Thursday 25 September 2008

4:44 a.m.

It has been extremely difficult for me to adjust to school. In addition to the fact that I haven’t been in school for six years, there’s the fact that I haven’t really been around people in four years. Even being on campus one day a week is a major change for me.

The one class I’m taking is not making the adjustment easy, either. It’s a one credit orientation class that meets a total of eight times, and we’re expected to do a group presentation on a current medical event, a group PowerPoint presentation on a health care career, an APA format paper to accompany the PowerPoint presentation, an individual APA paper on the career we’re trying to get into, book work, class discussions, and there’s an opportunity for extra credit that requires an APA format paper as well. I’m not sure how the professor planned to fit any teaching into the last five classes, since there are 24 presentations for the class to give over all.

I’d love to say I’m doing wonderfully, but I’m not adjusting well at all. I had planned to finish the group paper two weeks ago today, and I’m not even completely done editing it. I haven’t started my individual paper other than checking out some library books. I barely have time to breathe, and I’m not procrastinating much at all. I haven’t even had time to observe my religious days, and it makes me sick.

Saturday, August 30, 2008

Tuesday 26 August 2008

8:55 p.m.

I went to my very first class today, and I realize I’ve already made my first mistake. This is an orientation class, so naturally (to me), that meant it would be along the lines of “Hello. This is college. We’re going to teach you how to study!” Oh, wrong, so wrong. That’s what I get for basing my expectations on previous experiences. It was much more like a crash course in everything we’ll be doing throughout school.

I’m not complaining at all; it’s much better for me to deal with all of this now than to later suddenly realize what I’ve gotten myself into and want out. This is a much more realistic approach that I will learn so much more from.

I’m really glad I’ve only got this class right now. It’s an eight week class, and there are three major projects and at least two minor projects. We’ve been put into groups for two of the major projects. I shouldn’t say we’ve been put into groups, since we chose them ourselves. I’ve become the representative for my group, so I get to keep everything together and everyone connected. It’s usually what happens when I do group projects, but this time, I don’t really mind. In fact, I like it a little bit.
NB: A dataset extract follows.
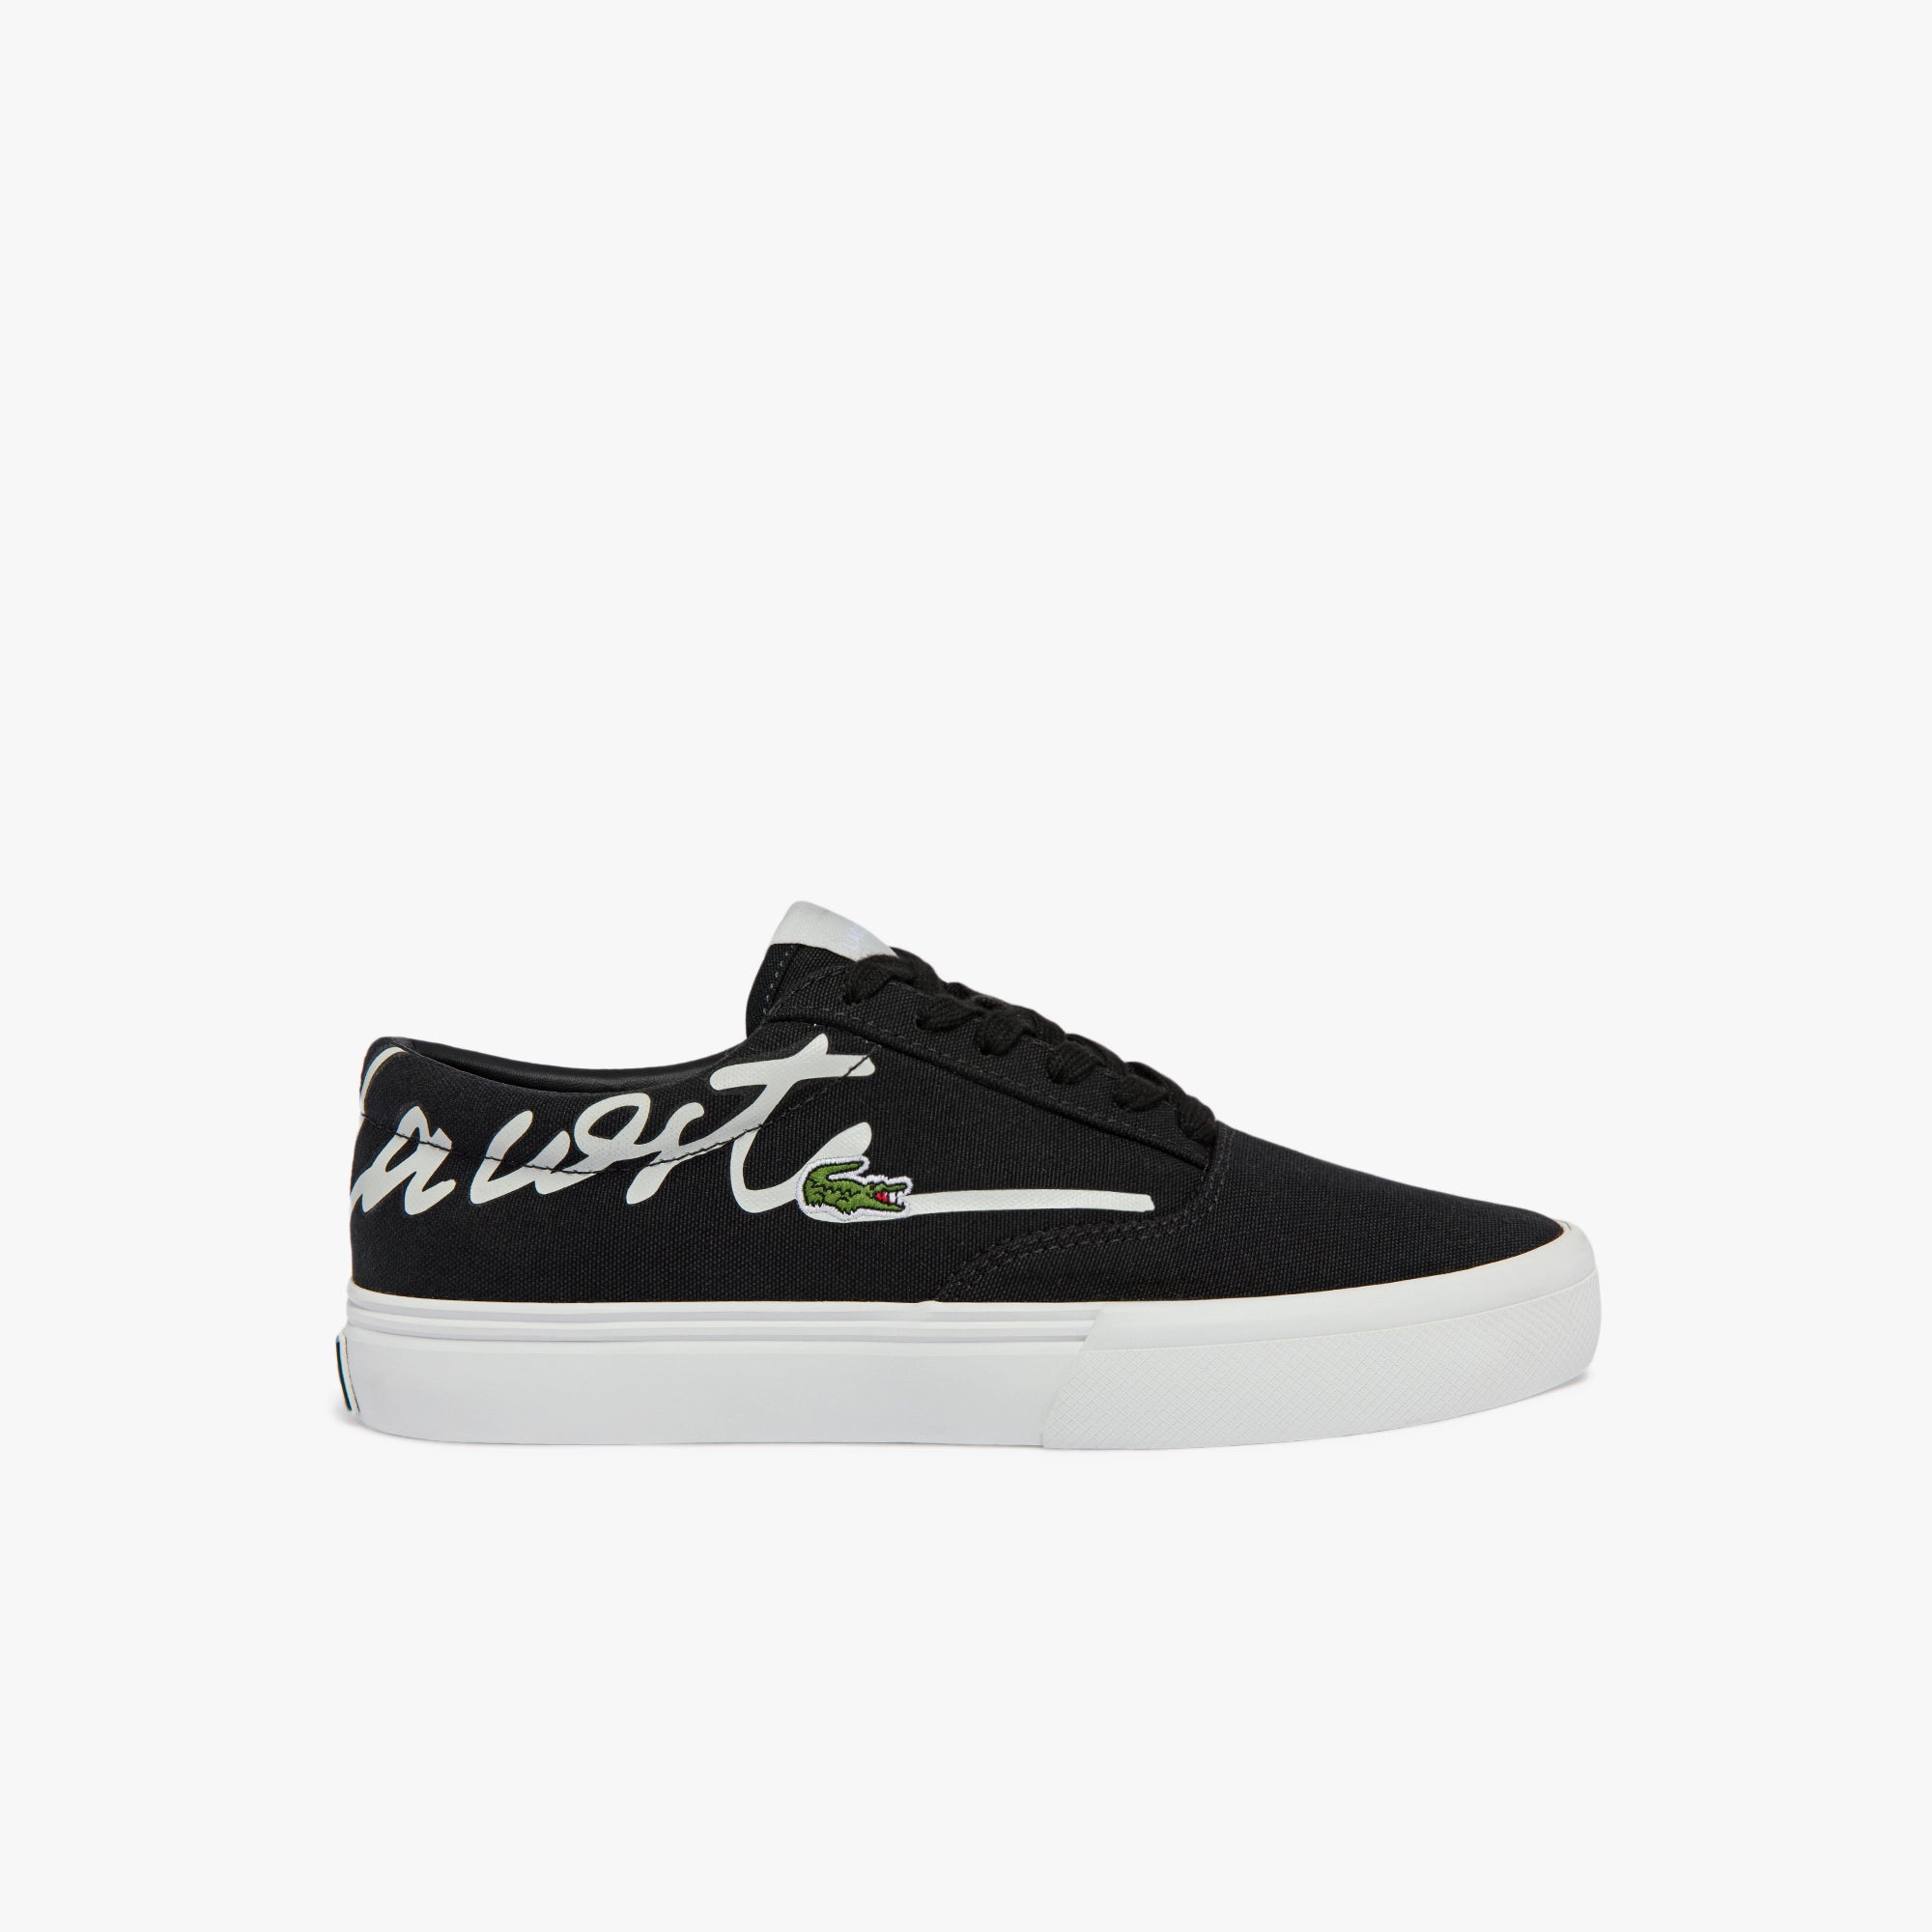 Jump Serve Lace Canvas Black/off White Sneakers
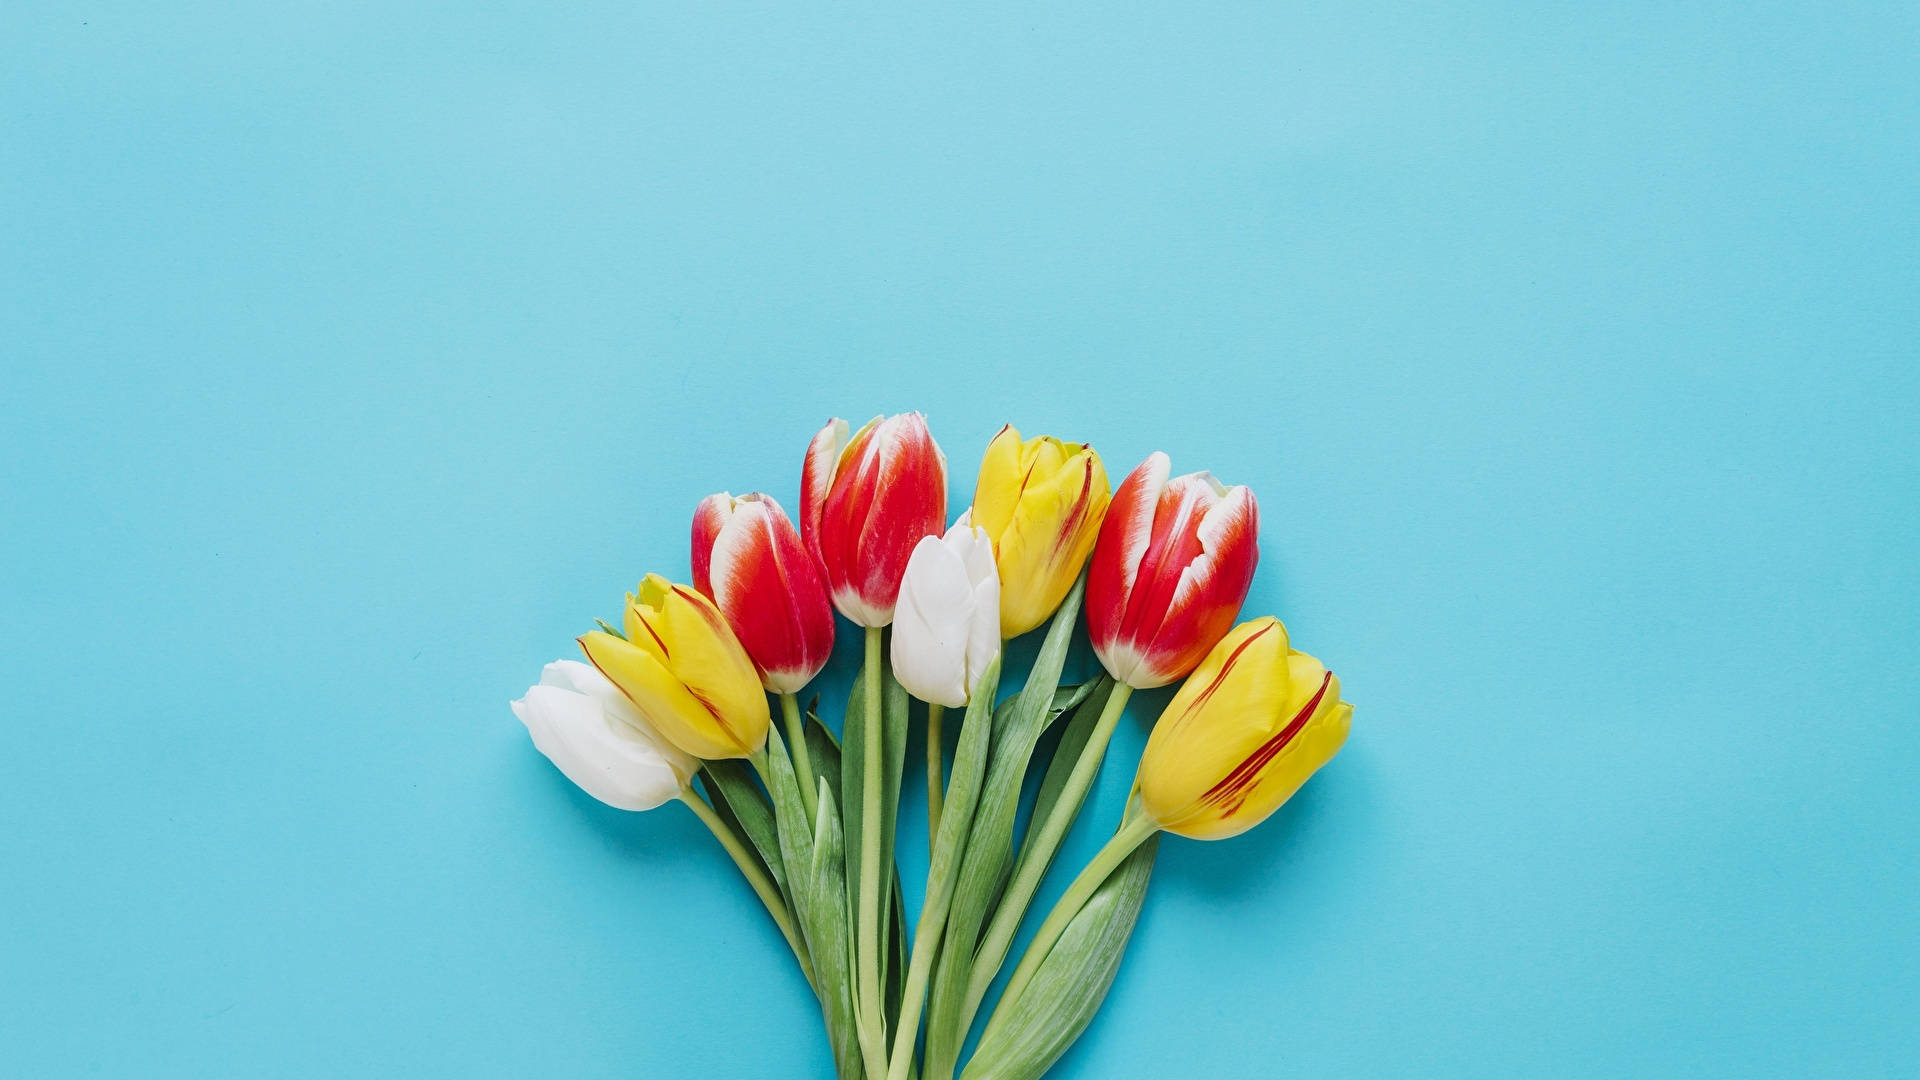 A Bouquet Of Tulips On A Blue Background Wallpaper

The first project is a Power Point presentation plus a paper, so Robert will be giving me a crash course this weekend. It’s a group project on a healthcare career. We’re due to present this project on September thirtieth.

The second project is about current events in healthcare. We have to make a presentation about a published article and field questions. My group is scheduled to present on October seventh.

The third major project is for individuals. It seems to be similar to the first project, only much more personal. Those are due on October seventh as well.

One minor assignment is email-based. It’s a “getting to know you” piece that’s due on Friday. The other minor assignment is a take-home quiz that we’ll get later. Then, of course, there’s everything we’ll be doing in class. I’m definitely going to get my tuition’s worth on this one!

Wednesday 20 August 2008

12:48 a.m.

Robert and I woke up at three thirty on Monday morning, and we left at five. We thought it would take us until six, but we arrived at the airport around five thirty. It felt so odd dropping Robert off and returning home. We haven’t been apart over night since before we were married, and I’ve never been completely alone over night.

I watched Netflix movies on the Watch Instantly section all night Monday. I wound up passing out in bed around four on Tuesday morning. Then on Tuesday, I woke up very late and got nothing done but laundry.

I’m actually about to go to bed (from Tuesday), so hopefully tomorrow (technically today) will see a lot more getting done.